Takuya Yokosaka, Tetsuhiro Nemoto and Yasumasa Hamada Chem. Comm.
The Hamada group in Chiba report a rather unexpected and unusual acid-mediated skeletal rearrangement in specific polyfunctional compounds. The complex cascade rearrangement itself is remarkable; however, I was struck by the indole Boc group present in the substrate and product. The conditions for the rearrangement reported require 8 equivalents of TFA in DCM at zero degrees for 3 hours. These conditions are, of course, standard conditions for cleavage of a Boc group (though ambient temperature is usual).

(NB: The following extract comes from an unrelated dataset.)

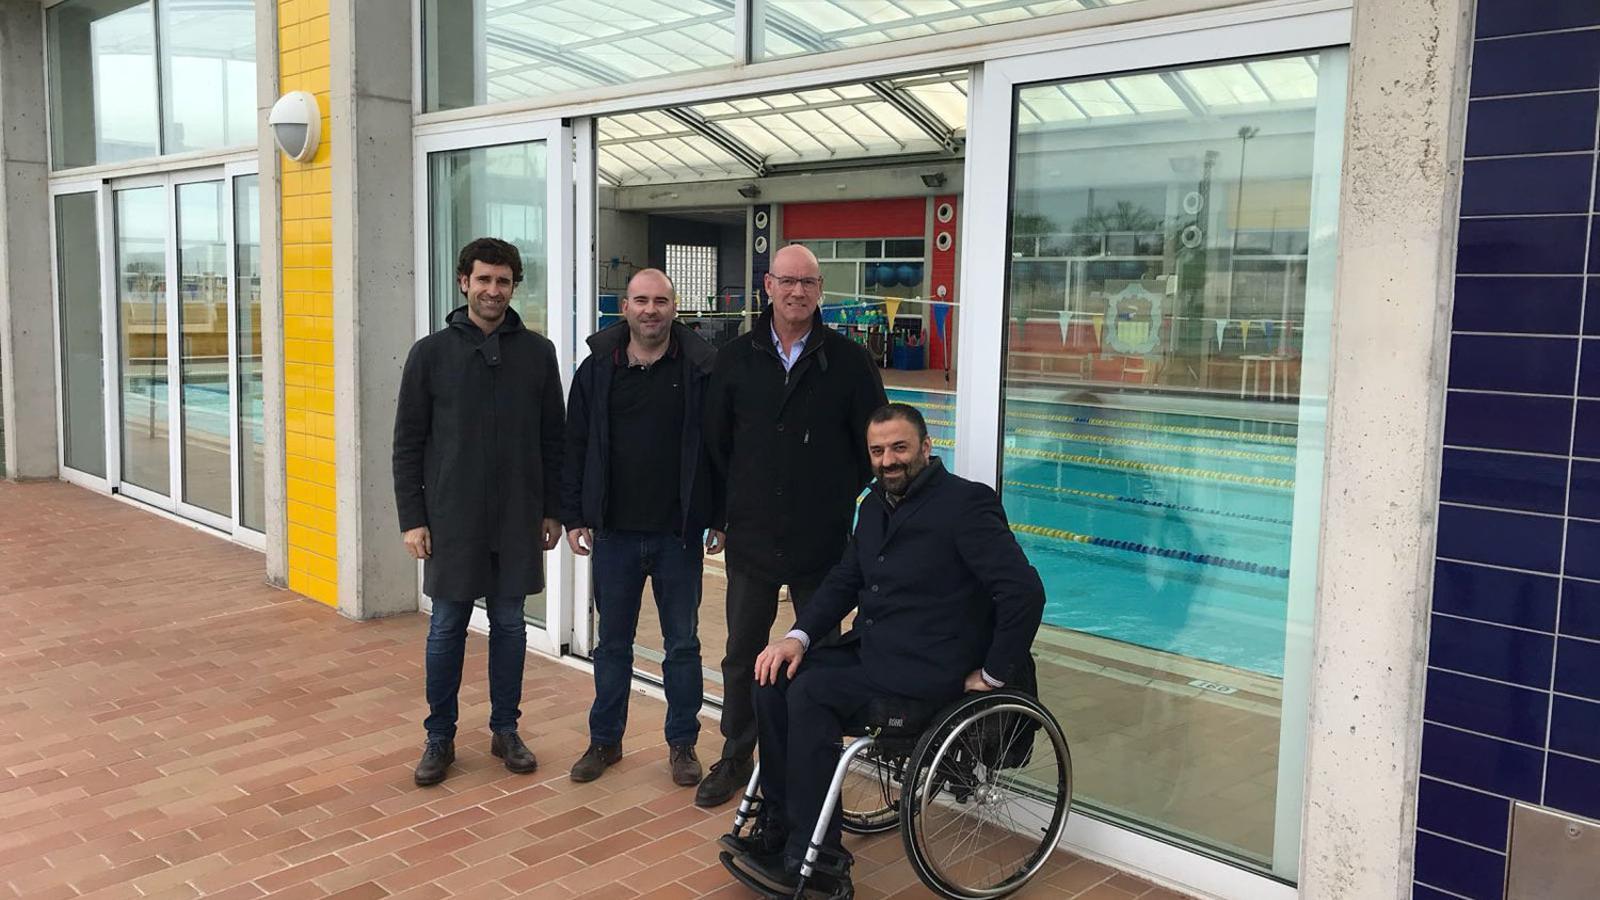 Jordi J. de Llop; Tugores, regidor d'Esports; el batle Vives i August Tarragó, de l'empresa de serveis.

A quick look at the literature indicates that an indole Boc group can be cleaved with TFA in DCM at ambient temperature in under an hour. I don’t see anything in this molecule, other than the pathway of reactivity reported, that would prevent deprotection. This issue is only addressed in passing in a footnote saying that the substrate doesn’t deprotect under these conditions. Nothing is said about the product, which isn’t potected from cleavage by an alternative path of reactivity.
The group point out improved yield under dilute conditions, but that isn’t due to the stability of the product as the experimental indicates the reaction mixture is concentrated immediately after reaction is complete (presumably at, at least, ambient temperature).
The torturous proposed mechanism involves elimination of the hydroxy group followed by a dearomatising Fridel-Crafts addition to the electron rich aromatic ring. Rearomatisation reveals an iminium species that can undergo Pictet-Spengler reaction at the 2- position of the indole.
So why do they not observe deprotection? Why isn’t this addressed in the paper? How essential is the Boc group to reactivity (no other protecting groups were tried)? Would this work with Cbz? Fmoc? Why attempt to use a protecting group under conditions that the group would be expected to cleave in the first place? What am I missing?